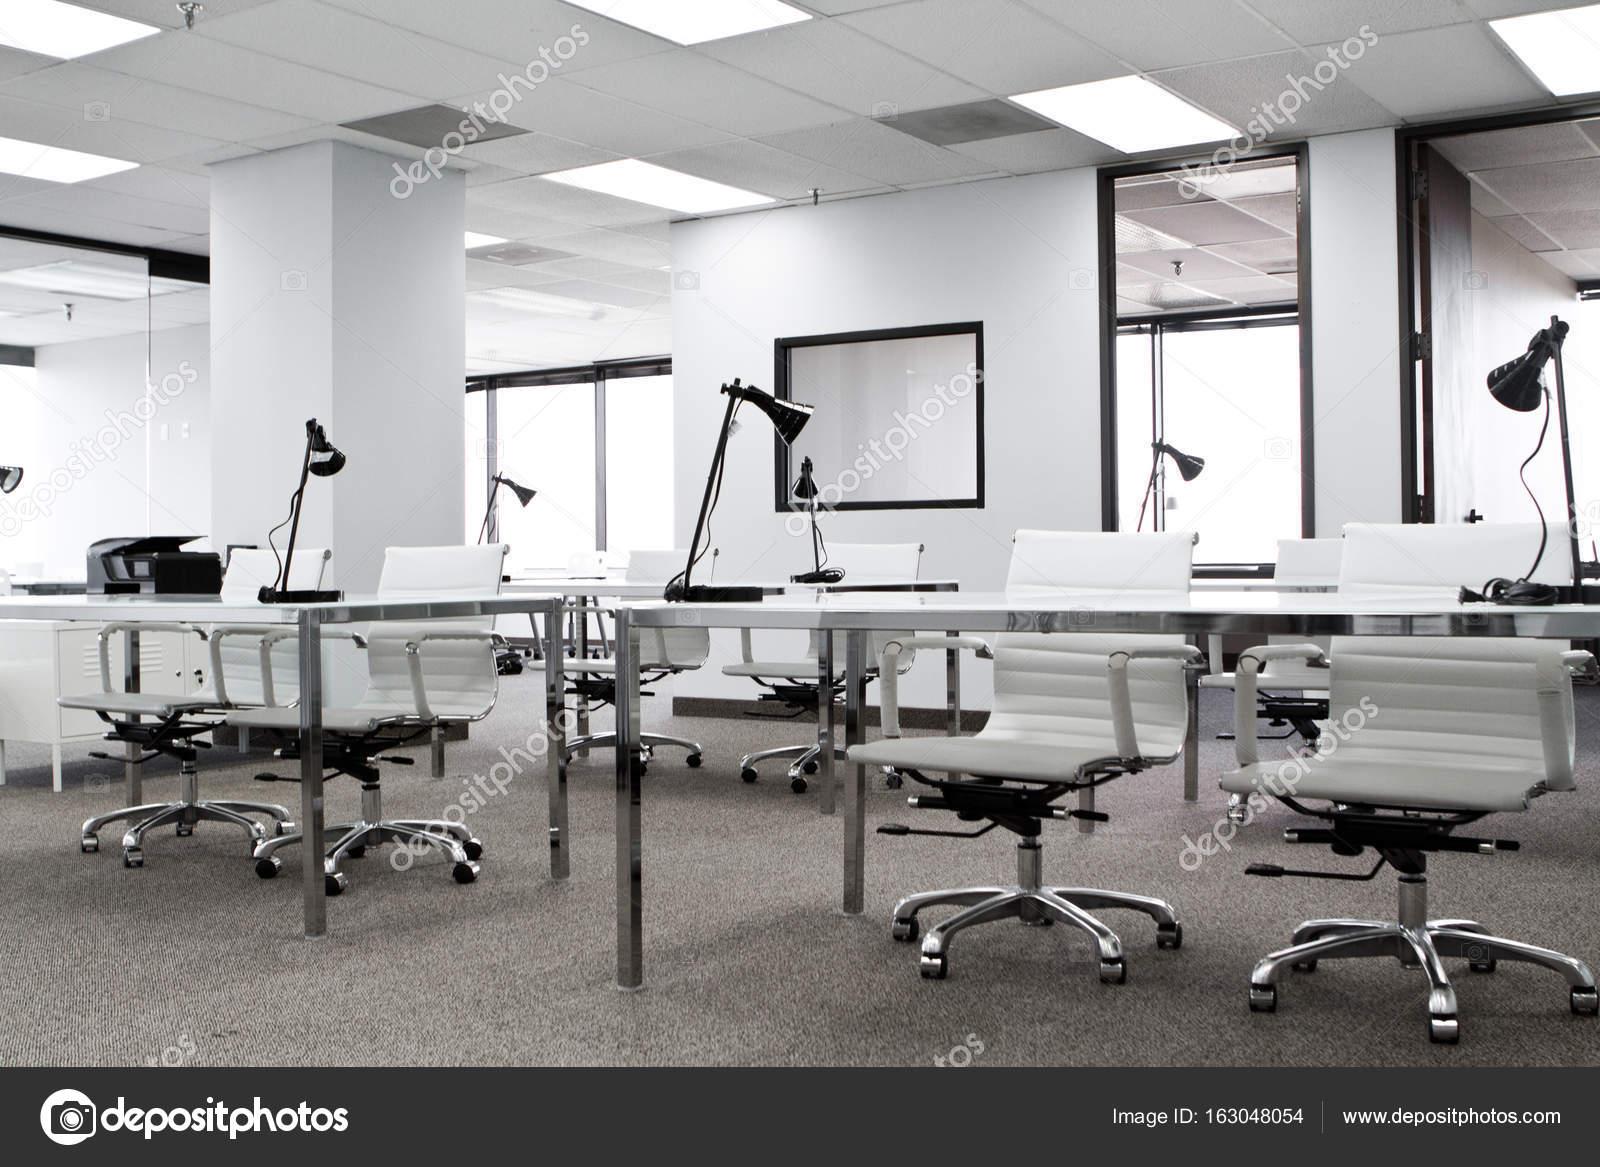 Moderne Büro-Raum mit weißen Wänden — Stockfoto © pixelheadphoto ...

============================================================

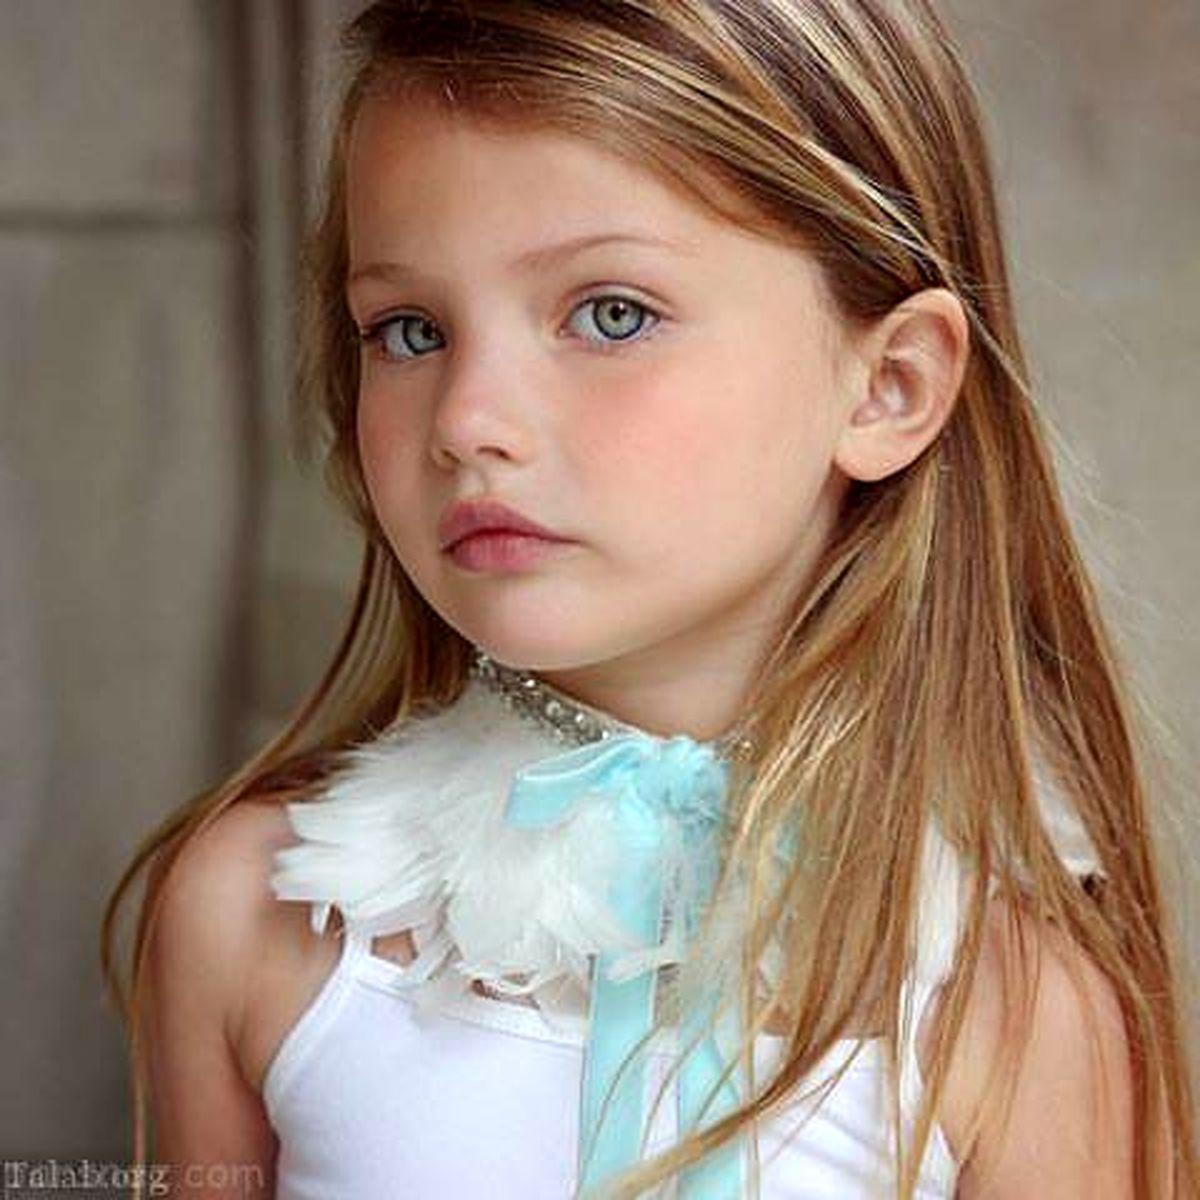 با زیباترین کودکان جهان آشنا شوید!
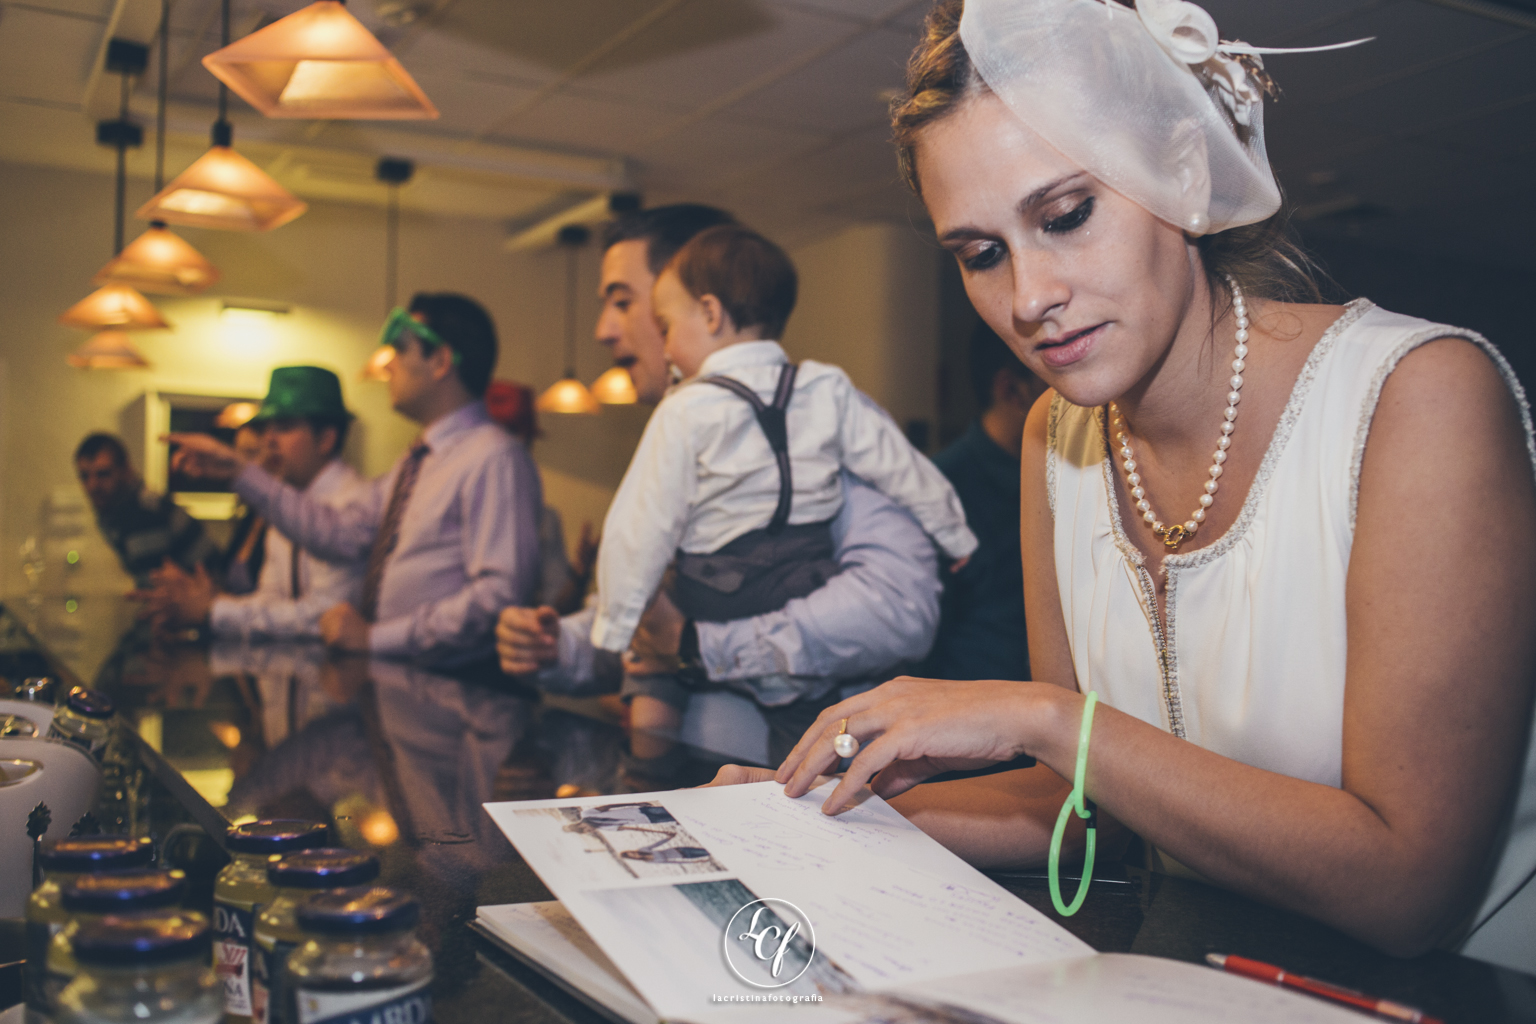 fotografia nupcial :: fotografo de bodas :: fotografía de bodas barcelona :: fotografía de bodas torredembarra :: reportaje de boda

============================================================

- [Work item]
In the listing above, find the line with "با زیباترین کودکان جهان آشنا شوید!" and the line with "fotografia nupcial :: fotografo". Output both, plus every line between them, and no pictures.

- [Solution for this task]
 با زیباترین کودکان جهان آشنا شوید!
 fotografia nupcial :: fotografo de bodas :: fotografía de bodas barcelona :: fotografía de bodas torredembarra :: reportaje de boda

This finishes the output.